Milei benefits from the whole infrastructure of ideas boosted by the Atlas Network to project himself as presidential. While the other traditional candidates do not have a platform of think tanks that can help them, Milei manages to move between these institutes and use them as hubs for disseminating his ideas and as a safe arena for advancing the debate on his agenda.
For instance, Milei has connections to other Latin American think tanks in the Atlas Network. He has attended conferences and participated in events promoted by the Fundación Libertad y Progreso, Federalismo y Libertad, and Fundación Atlas, all based in Argentina. He also participated in Instituto de Estudos Empresariais’s Liberty Forum 2022 in Porto Alegre, Brazil. Articles in Fundación Atlas’s blog praise him, with Axel Kaiser, executive director at Fundación para El Progreso in Chile, writing that Milei is helping restore Argentina’s Libertarian legacy by setting up a “cultural and political movement which became the third way.” In 2018, Fundación Atlas awarded Milei the Liberty Prize.
Milei sat on the advisory board of Fundación Libre (FL), an Argentine far-right think tank that was part of Atlas. FL promoted “individual freedom and republicanism” in the face of “hegemonic progressive ideology and the empire of politically correctness.” Although FL did not focus primarily on denying climate change, it did feature climate-related content, like a YouTube video criticizing Greta Thunberg, that has since been removed.

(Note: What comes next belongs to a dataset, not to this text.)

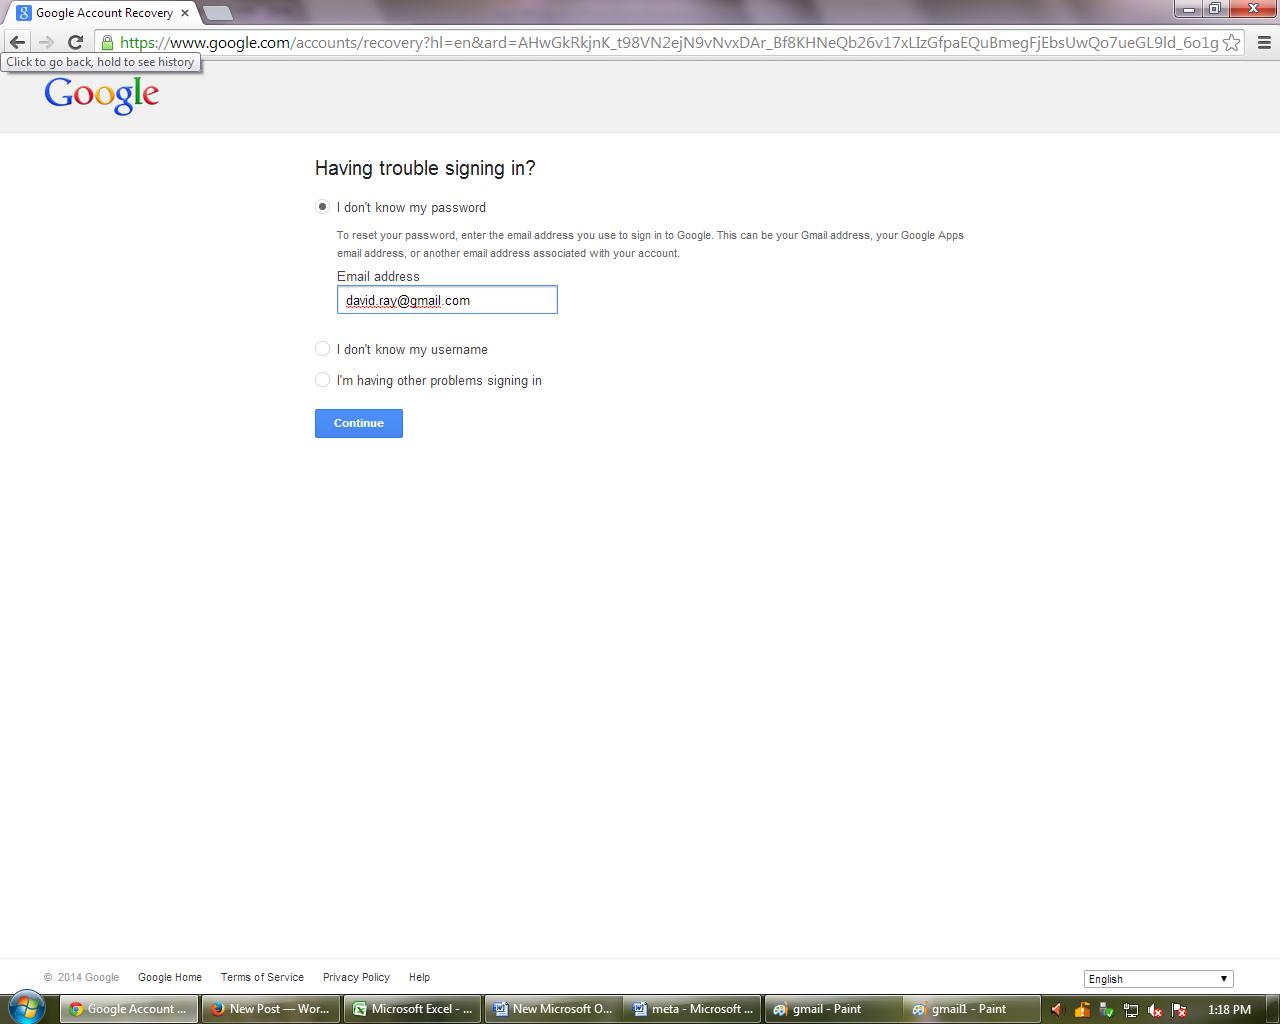 update gmail password

Milei, however, is known for denying climate change, claiming that the planet’s temperature is currently at its lowest level in the past 15,000 years. His source for this belief is a graph from a 2008 study by the geologist Don J. Easterbrook — who is known for erroneously predicting “global cooling.” However, this graph is based on data only from Greenland and is not a reliable indicator of climate change, according to fact-checking groups in Argentina.
Although Milei uses climate denialism to ignite his followers, climate change was barely discussed in the Argentine primaries, even though the occurrence of extreme weather events has increased twofold since 1980 and could become even worse in the coming decades. Instead, candidates focused on the country’s current food crisis: Argentina faces one of the biggest food inflations in the world and more than 4 million people in the country are food insecure. This scenario also could become worse due to climate change’s impacts on Argentine agriculture.
Milei’s significant result at the polls shows that the free-market, neoliberal ideals the Atlas Network is promoting have a huge organizational strength in Argentina that can be converted into votes. Even if Milei doesn’t win the October presidential election, his rise to this level of politics means a victory for the Atlas Network.